41/02 Staatsbürgerschaft, Pass- und Melderecht, Fremdenrecht, Asylrecht

Norm

BVG-Rassendiskriminierung ArtI Abs1
AsylG 2005 §3, §8, §10, §57
FremdenpolizeiG 2005 §46, §52, §55
VfGG §7 Abs2

Leitsatz

Verletzung im Recht auf Gleichbehandlung untereinander durch Abweisung eines Antrags auf internationalen Schutz betreffend einen Staatsangehörigen des Iraks; mangelhafte Auseinandersetzung mit dem als unglaubwürdig eingestuften Fluchtvorbringen; keine Durchführung einer mündlichen Verhandlung; Ausführungen ohne Begründungswert und weitgehende Übernahme des angefochtenen behördlichen Bescheids

Rechtssatz

Das Bundesverwaltungsgericht (BVwG) stützt sich in seinem Erkenntnis zur Gänze auf die Ergebnisse des behördlichen Ermittlungsverfahrens, die Sachverhaltsfeststellungen und die Beweiswürdigung des angefochtenen Bescheides. Es trifft weder eigene (aktuelle) Länderfeststellungen im Hinblick auf die Lage im Herkunftsstaat des Beschwerdeführers noch führt es eine mündliche Verhandlung durch, auf Basis derer es eigene Feststellungen bzw eine entsprechende Beweiswürdigung vornehmen hätte können.
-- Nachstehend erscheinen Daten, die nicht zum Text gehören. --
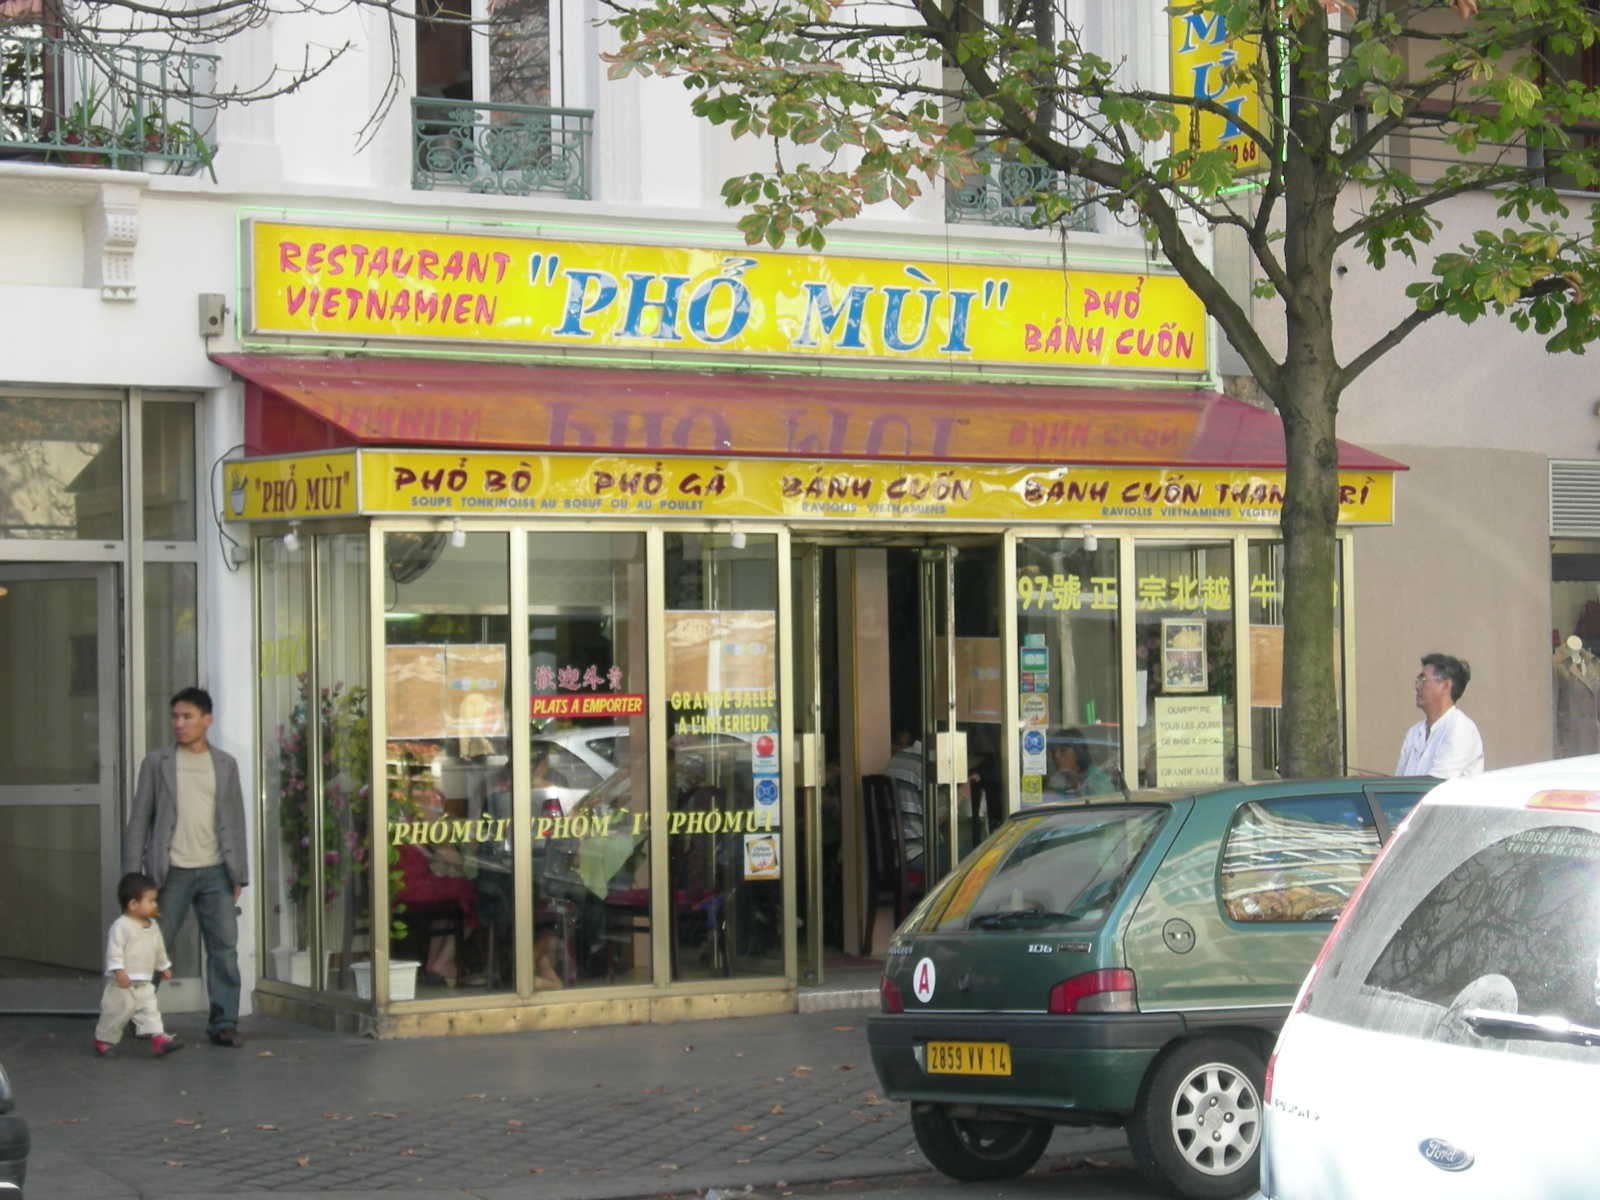 Vietnamese Restaurant On West Kimberly Rd Davenport

Den in Erwiderung auf die Beschwerde ergänzend aufgenommenen Ausführungen zur Unglaubwürdigkeit des Beschwerdeführers kommt angesichts der mangelhaften Argumentation kein Begründungswert zu. Die Ausführungen zur Unglaubwürdigkeit des Fluchtvorbringens im Bescheid des Bundesamtes für Fremdenwesen und Asyl, denen sich das BVwG ausdrücklich anschließt und die es im angefochtenen Erkenntnis wörtlich wiedergibt, stellen ebenfalls keine substantiierte Begründung dar. Das Bundesamt für Fremdenwesen und Asyl stützte sich im Wesentlichen darauf, dass die Angaben in der Einvernahme von der Aussage in der Erstbefragung abweichen würden. Allerdings gab der Beschwerdeführer sowohl bei der Erstbefragung als auch in der späteren Einvernahme gleichbleibend an, im Irak an Demonstrationen teilgenommen zu haben und zudem von den Milizen bedroht worden zu sein. Im Übrigen bestimmt §19 Abs1 AsylG 2005 ausdrücklich, dass die Erstbefragung insbesondere der Ermittlung der Identität und der Reiseroute des Fremden dient und sich nicht auf die näheren Fluchtgründe zu beziehen hat.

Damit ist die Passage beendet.